As duas prisões fazem parte da operação Apertem os Cintos da 4ª Delegacia de Repressão à Pedofilia do DHPP (Departamento Estadual de Homicídios e de Proteção à Pessoa), que investiga essa rede de estupro de vulnerável, favorecimento da prostituição e exploração sexual de criança e adolescente, que funcionava havia oito anos.

Além das duas prisões, a operação cumpre oito mandados de busca e apreensão contra quatro investigados.
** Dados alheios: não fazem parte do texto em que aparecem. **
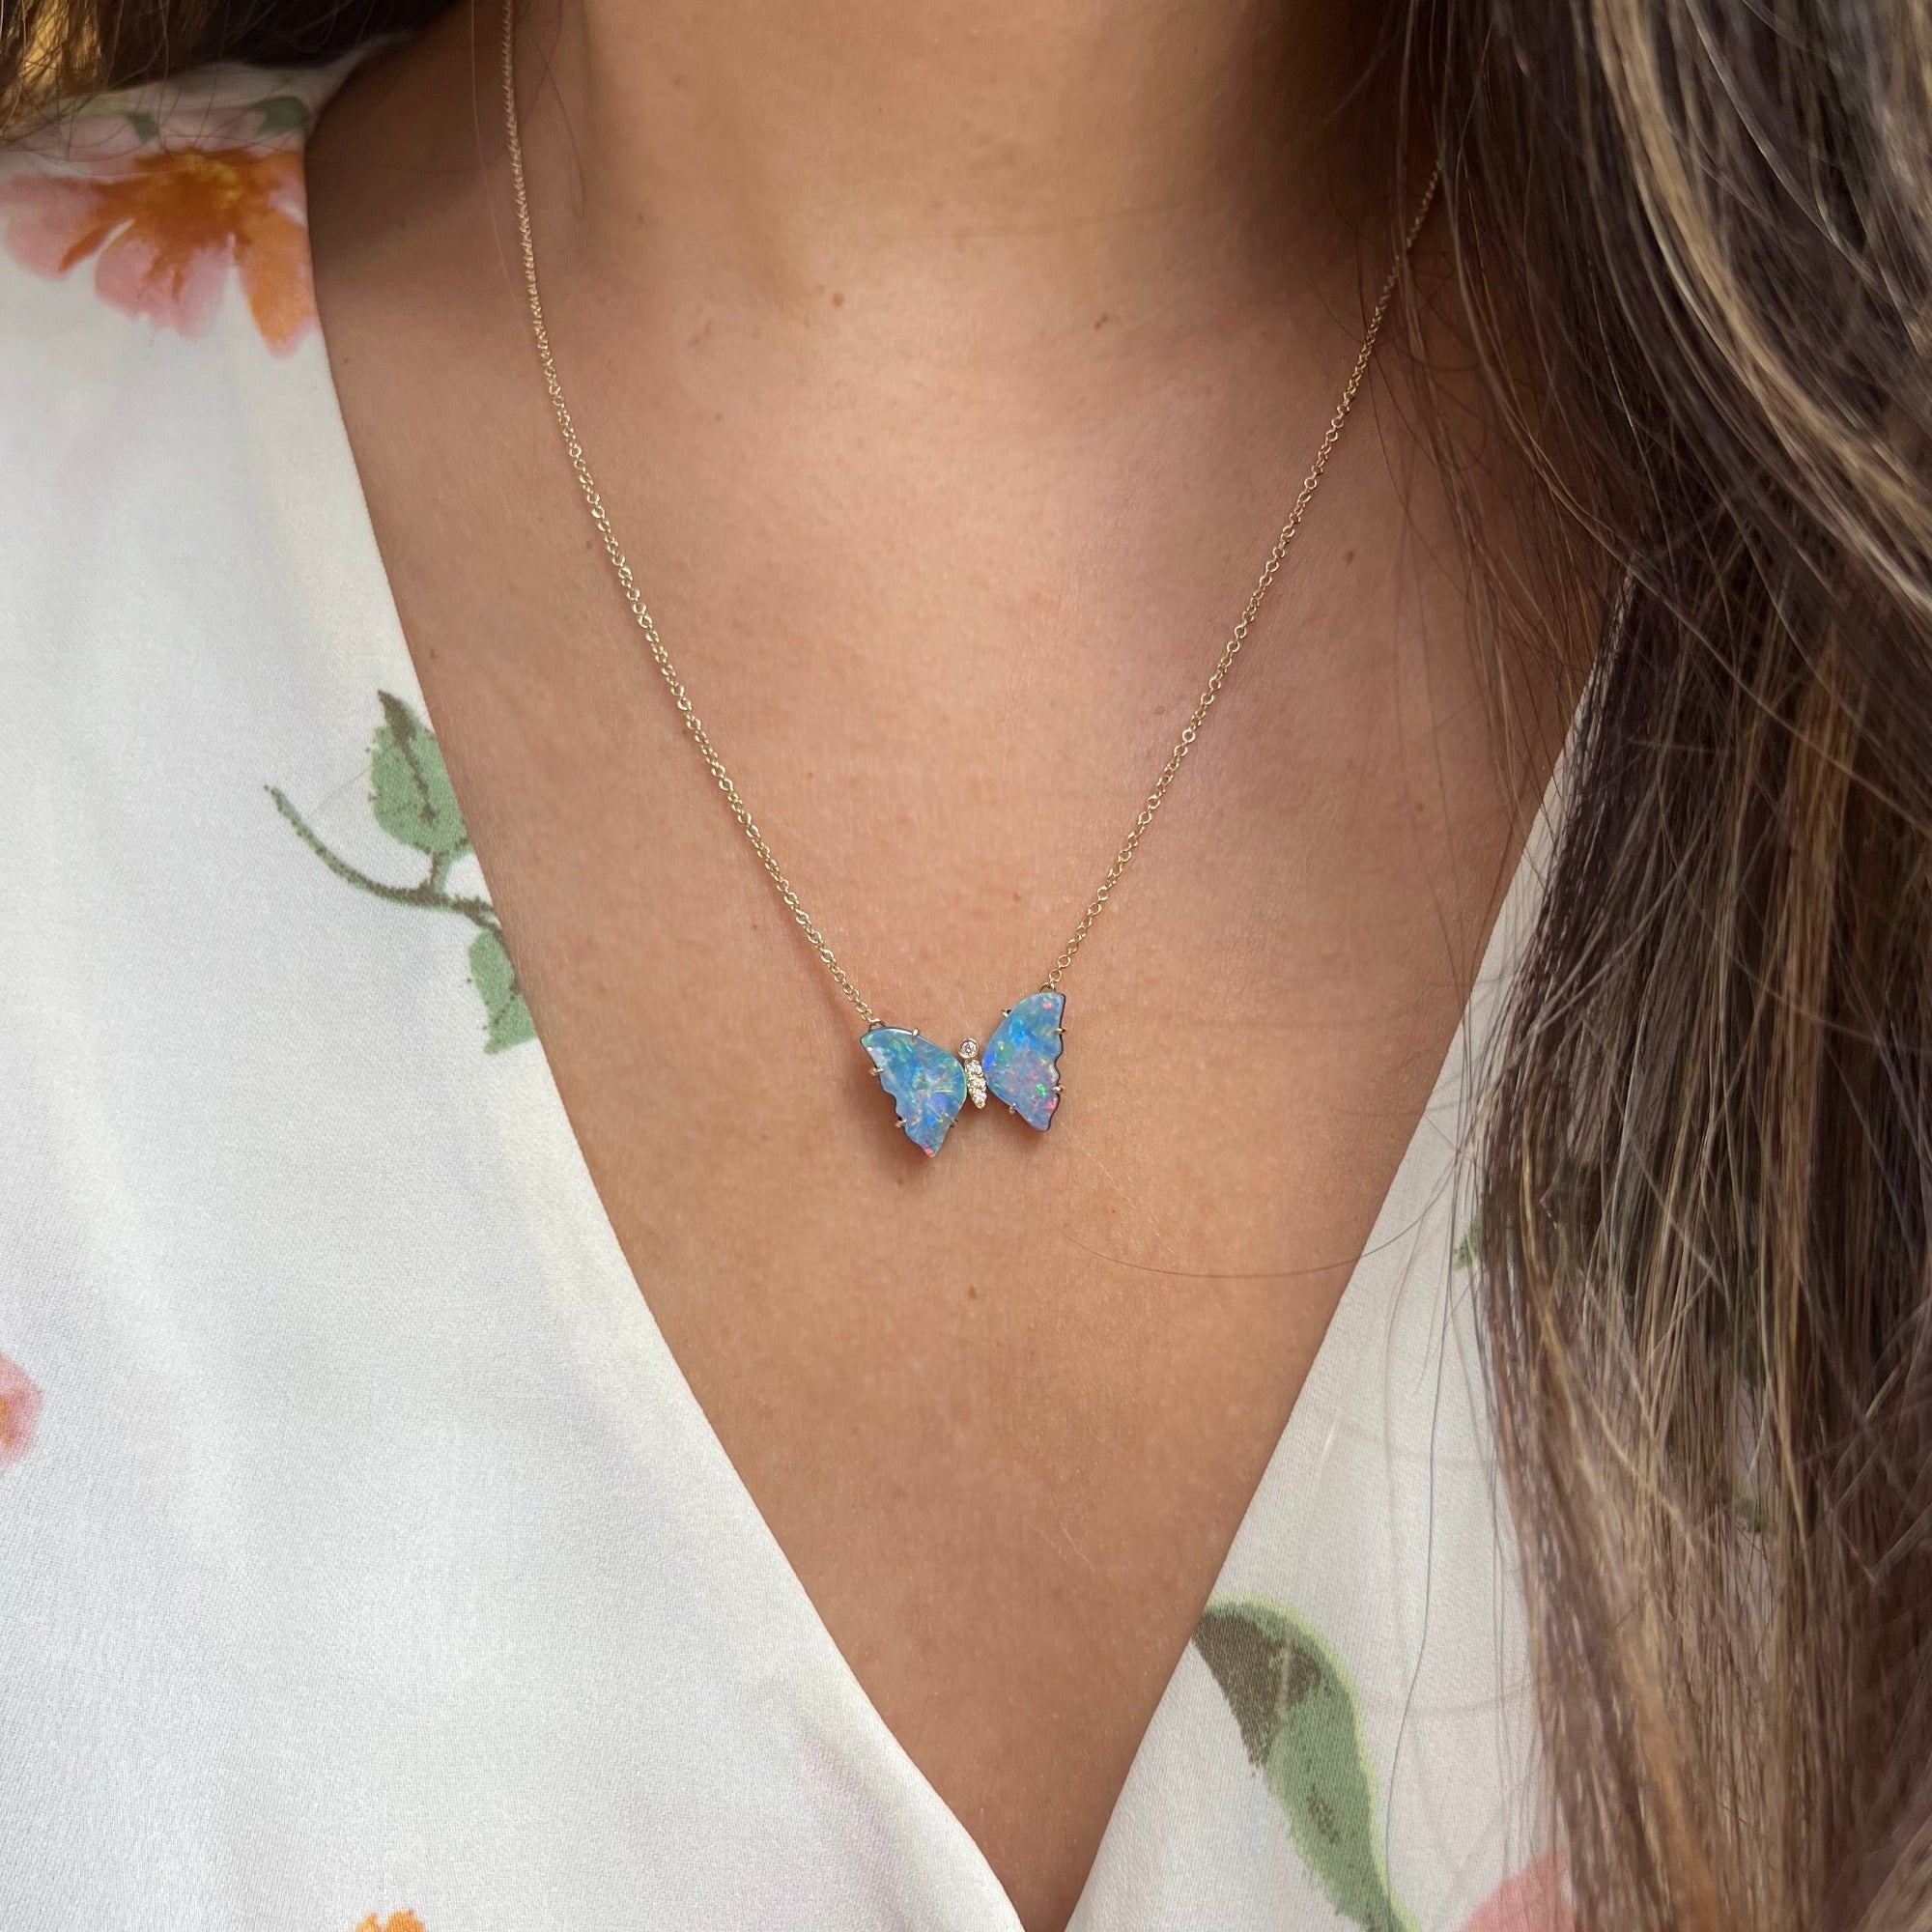 Mini pronged butterfly necklace boulder opal majestic sky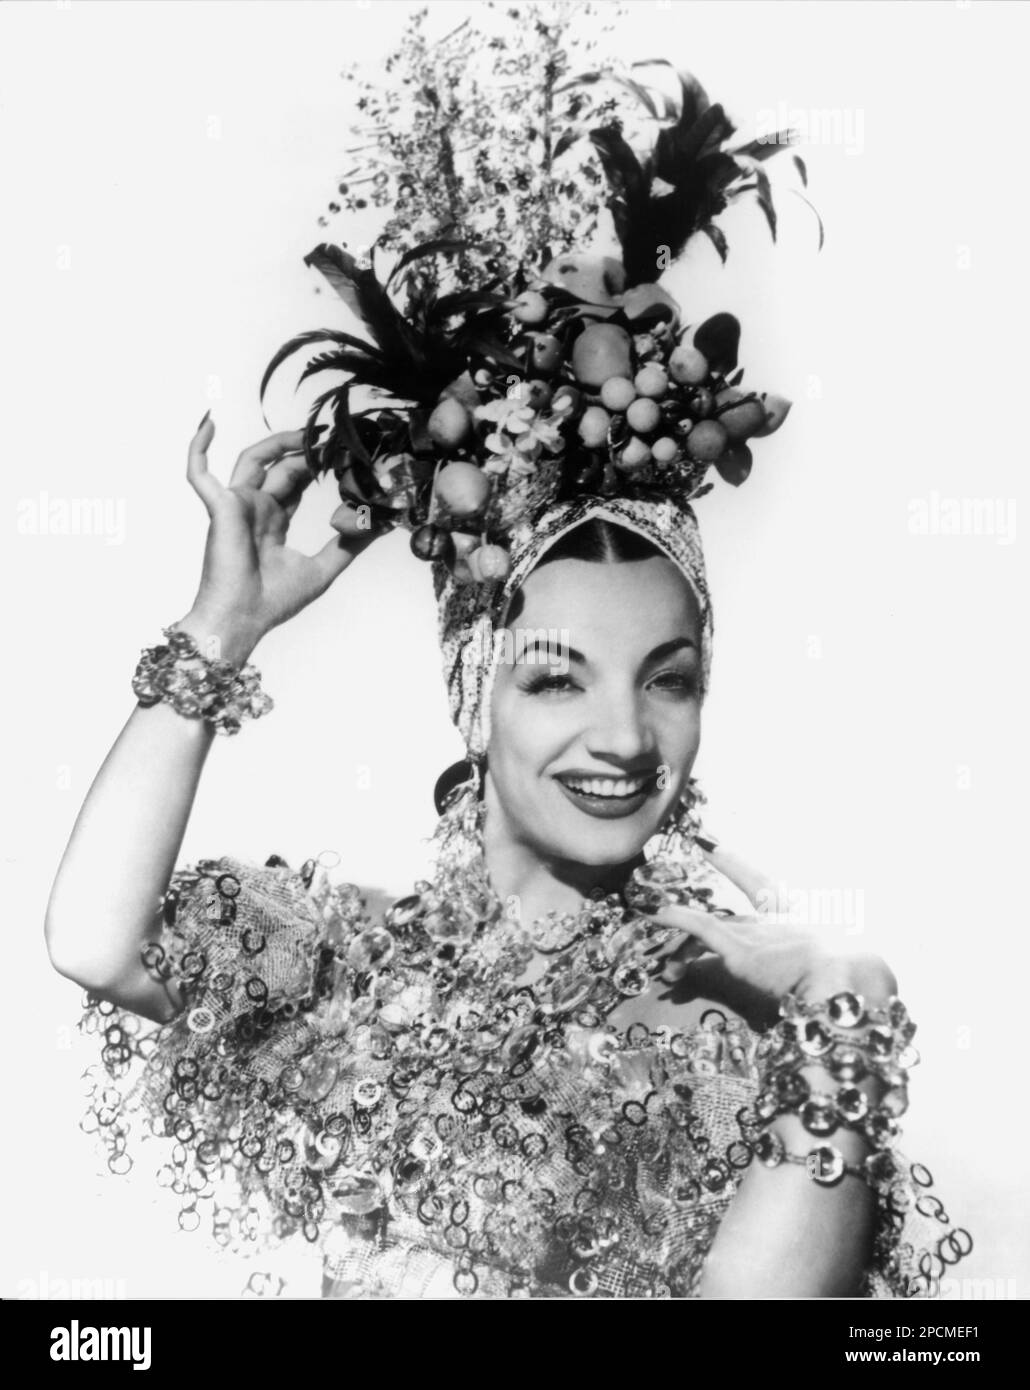 1940 ca : l'actrice brésilienne exotique CARMEN MIRANDA ( 1909 - 1955 ), Toujours pubblicity - FILM - FILM - CINÉMA - portrait - ritrato - CINÉMA - FILM - chapeau - cappello - bijoux - bijoux - gioiello - gioielli - sourire - sorriso - bracelets - bracciale - bracciali - braccialetto - SOURIRE - SORRISO - turban - turbante - SAMBA - Frutta finta - faux fruits © Archivio GBB / Banque D'Images

Os policiais fazem buscas em São Paulo e em Guararema, na região metropolitana.

As investigações começaram em outubro de 2025 e já foram identificadas três vítimas, com 11, 12 e 15 anos, submetidas “a graves situações de abuso e exploração sexual”, diz a polícia.

De acordo com a SSP (Secretaria da Segurança Pública), são investigados crimes de estupro de vulnerável, estupro, favorecimento da prostituição e da exploração sexual de criança e adolescente, uso de documento falso, produção, armazenamento e compartilhamento de material de pornografia infanto-juvenil, perseguição reiterada (stalking), aliciamento de crianças e coação no curso do processo, “evidenciando grave violação à dignidade sexual de crianças e adolescentes”.

“As provas colhidas até o momento mostram que os crimes investigados integram uma estrutura organizada de exploração sexual infantil, com indícios de habitualidade, divisão de funções e atuação coordenada entre os envolvidos”, afirma a pasta da segurança.

A polícia não descarta novas prisões e a identificação de outras vítimas dessa rede de exploração.